Supplied data Start Marker

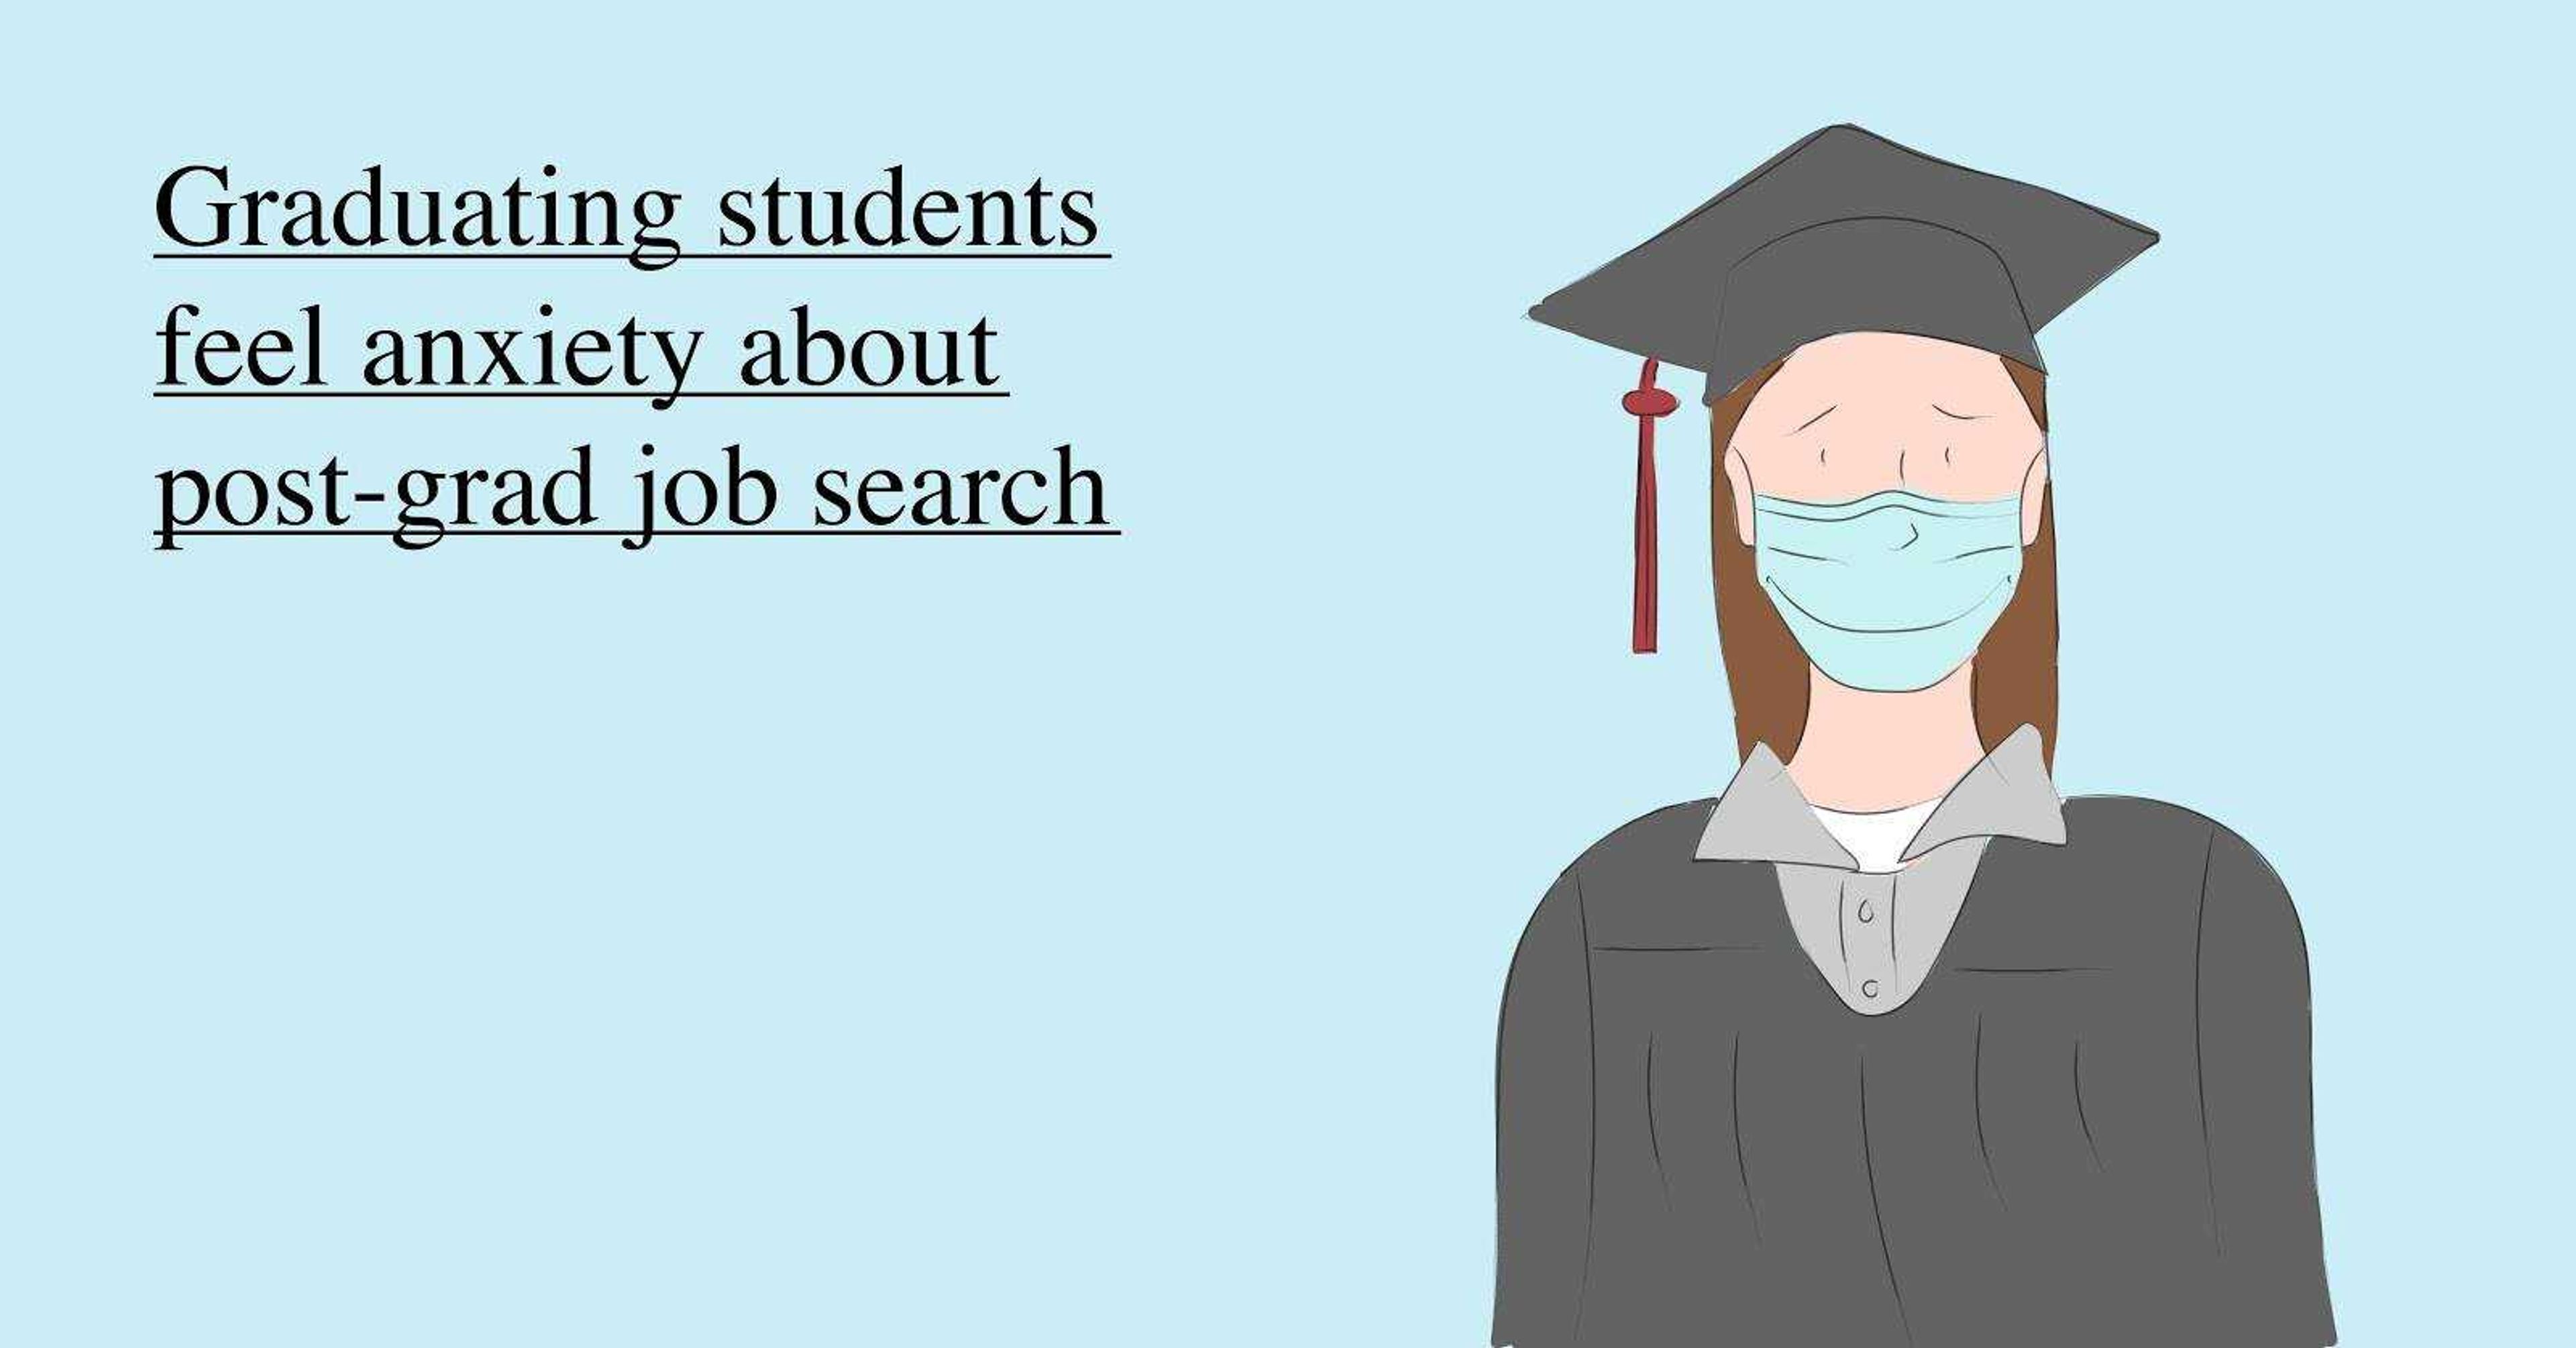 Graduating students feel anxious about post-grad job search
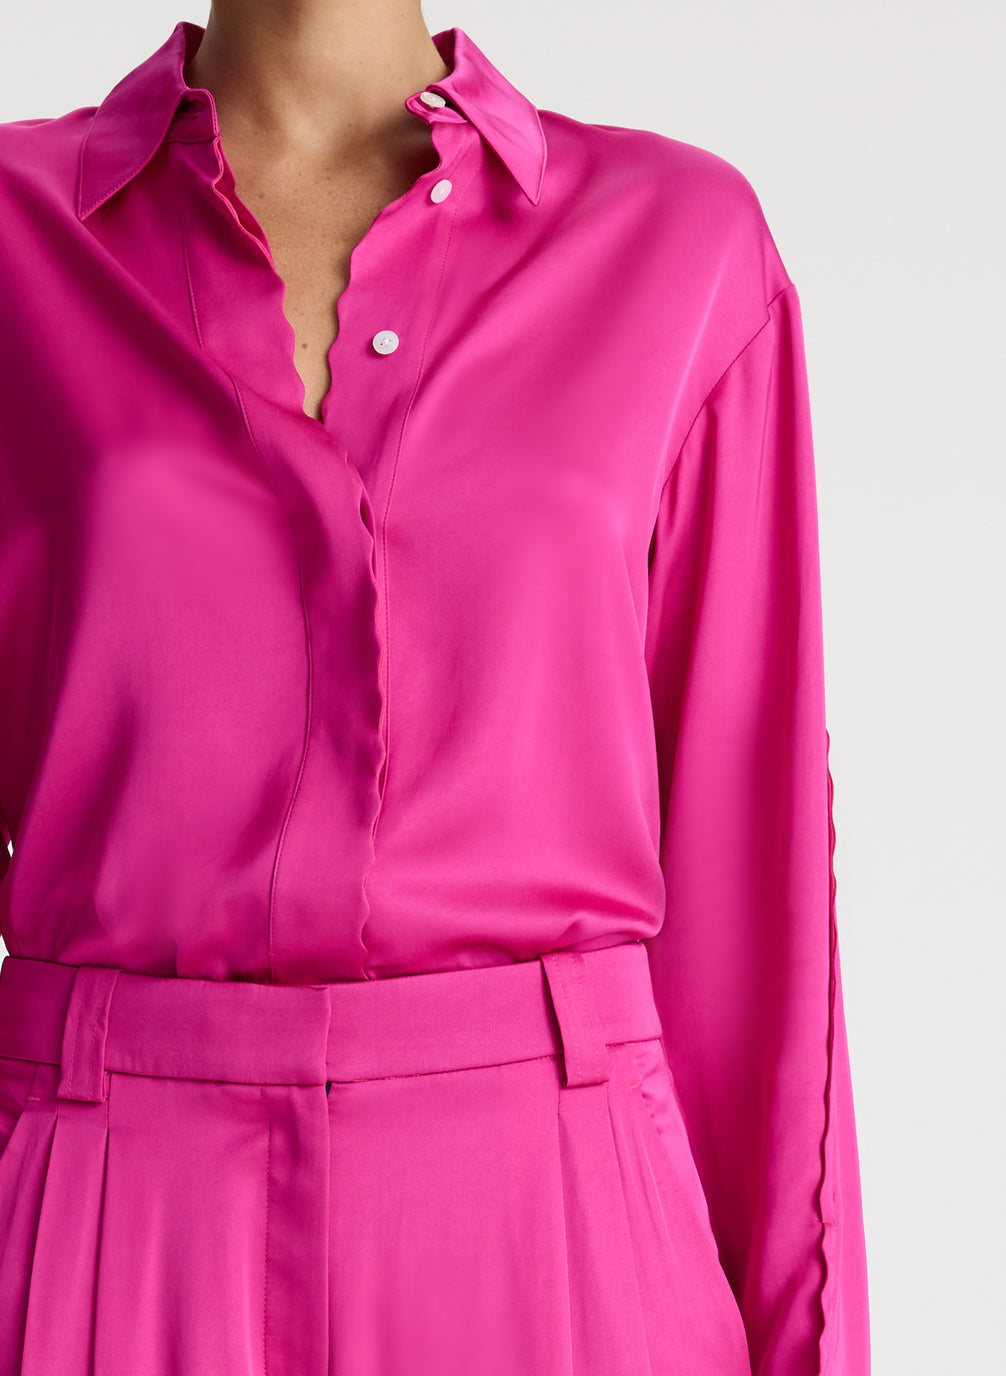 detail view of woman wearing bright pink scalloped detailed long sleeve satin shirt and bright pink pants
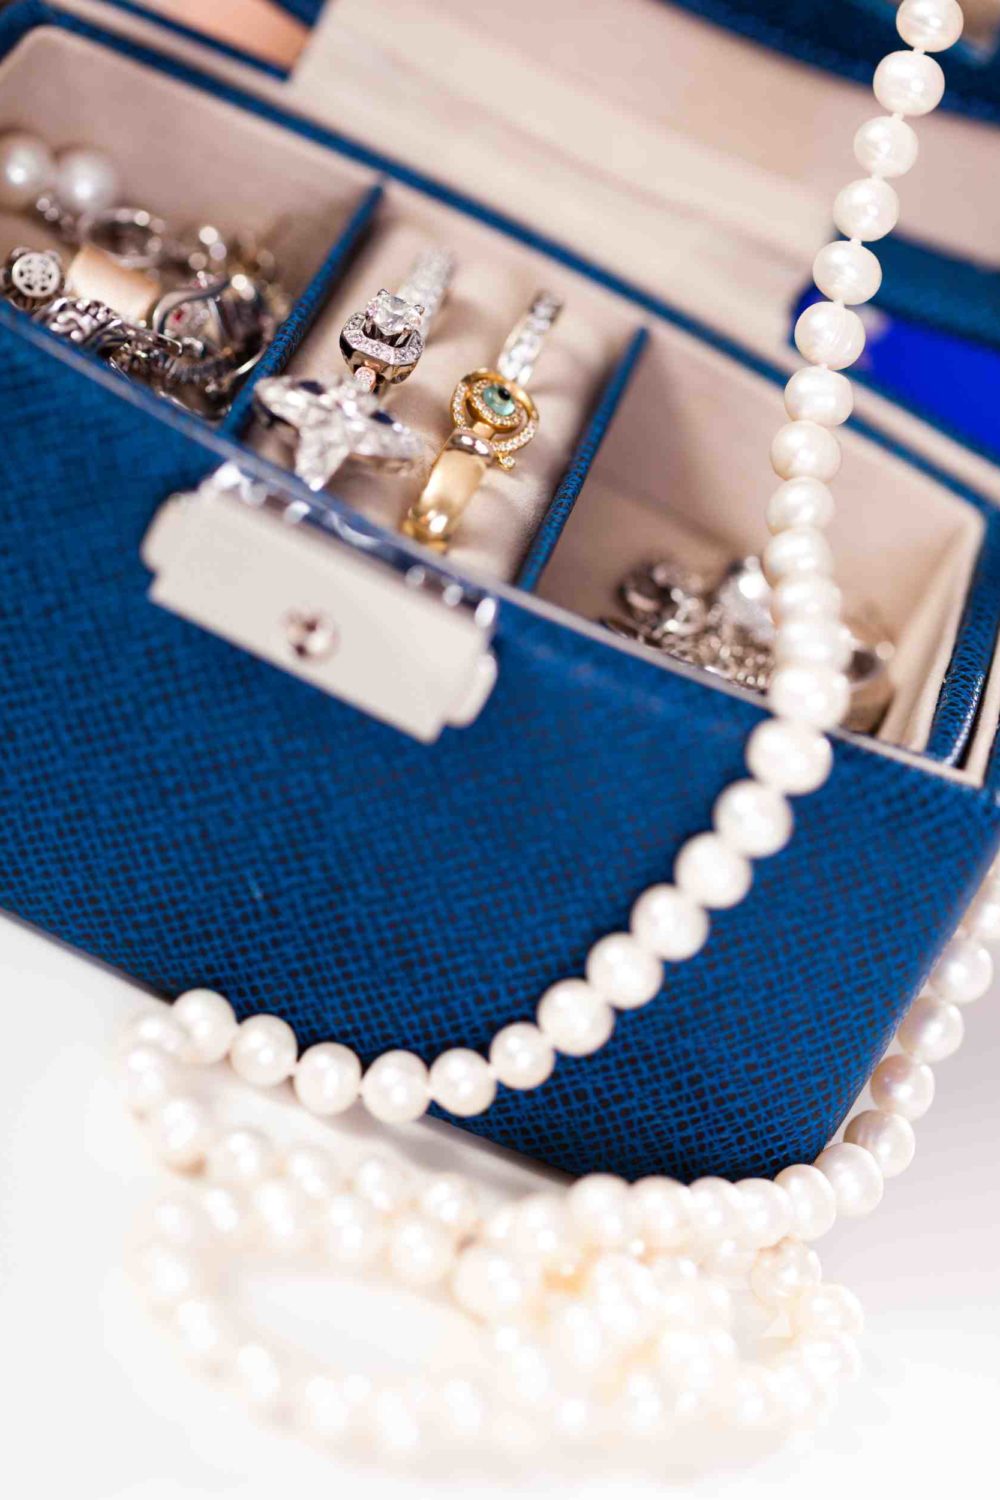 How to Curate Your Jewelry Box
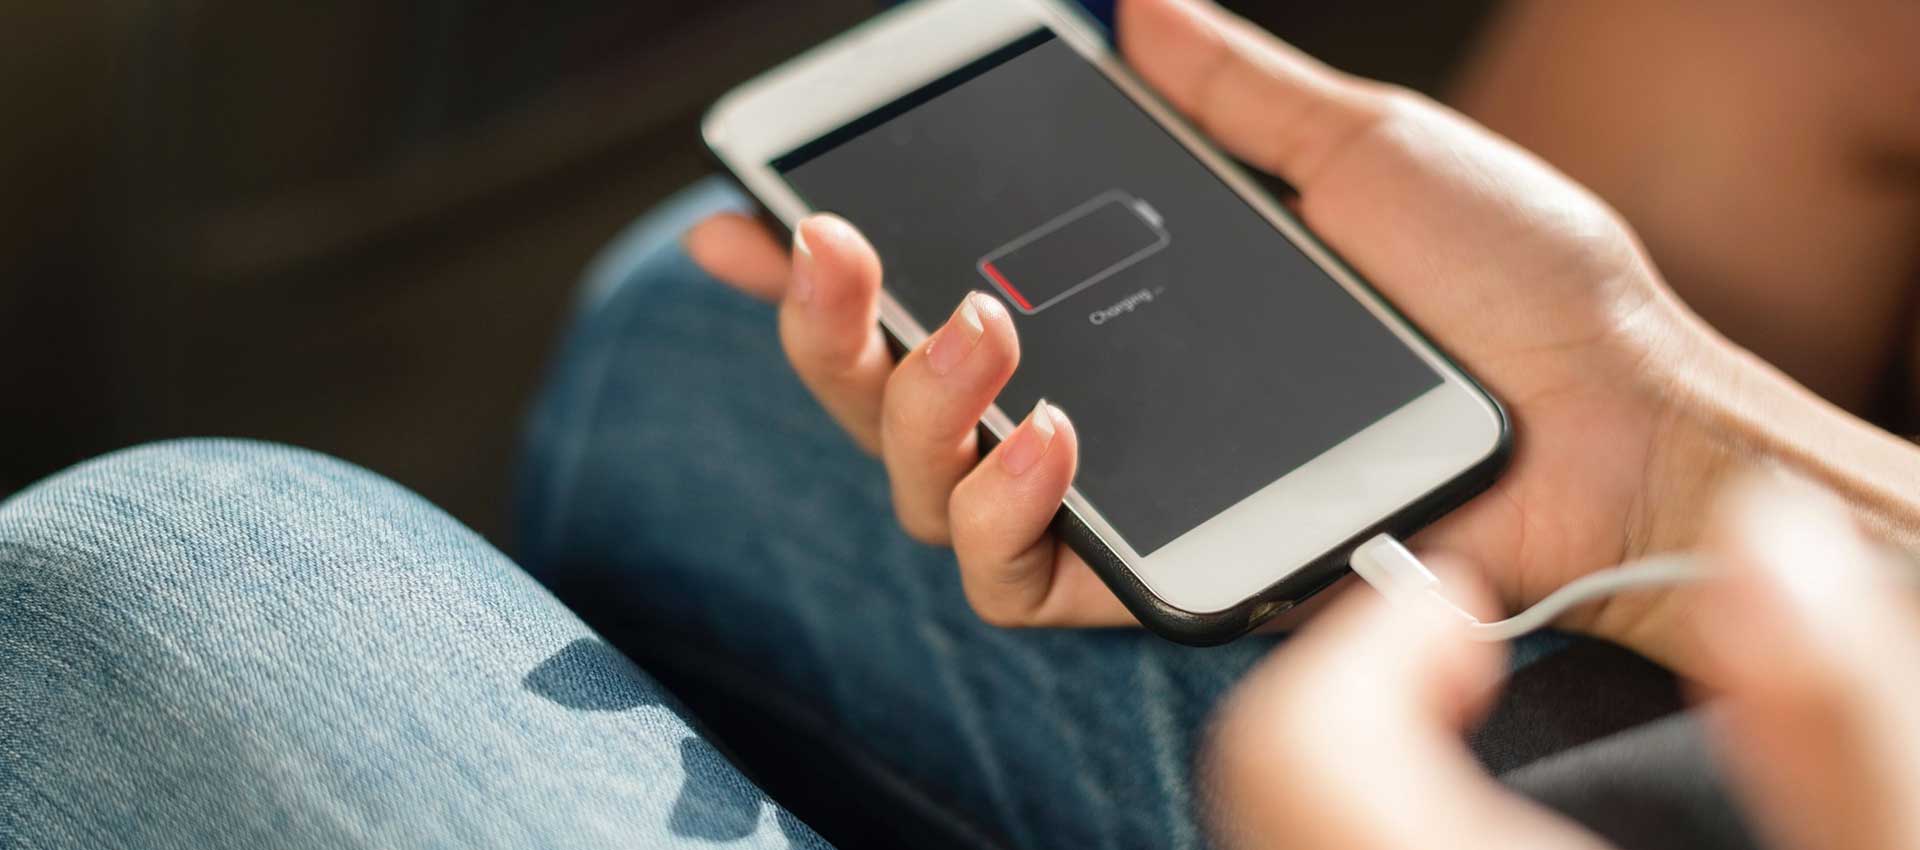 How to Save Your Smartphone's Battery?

Supplied data End Marker

▶ _Prompt_
Return each line above exactly; any pictures are to be skipped.

▶ _Exercise response_
 Graduating students feel anxious about post-grad job search
 detail view of woman wearing bright pink scalloped detailed long sleeve satin shirt and bright pink pants
 How to Curate Your Jewelry Box
 How to Save Your Smartphone's Battery?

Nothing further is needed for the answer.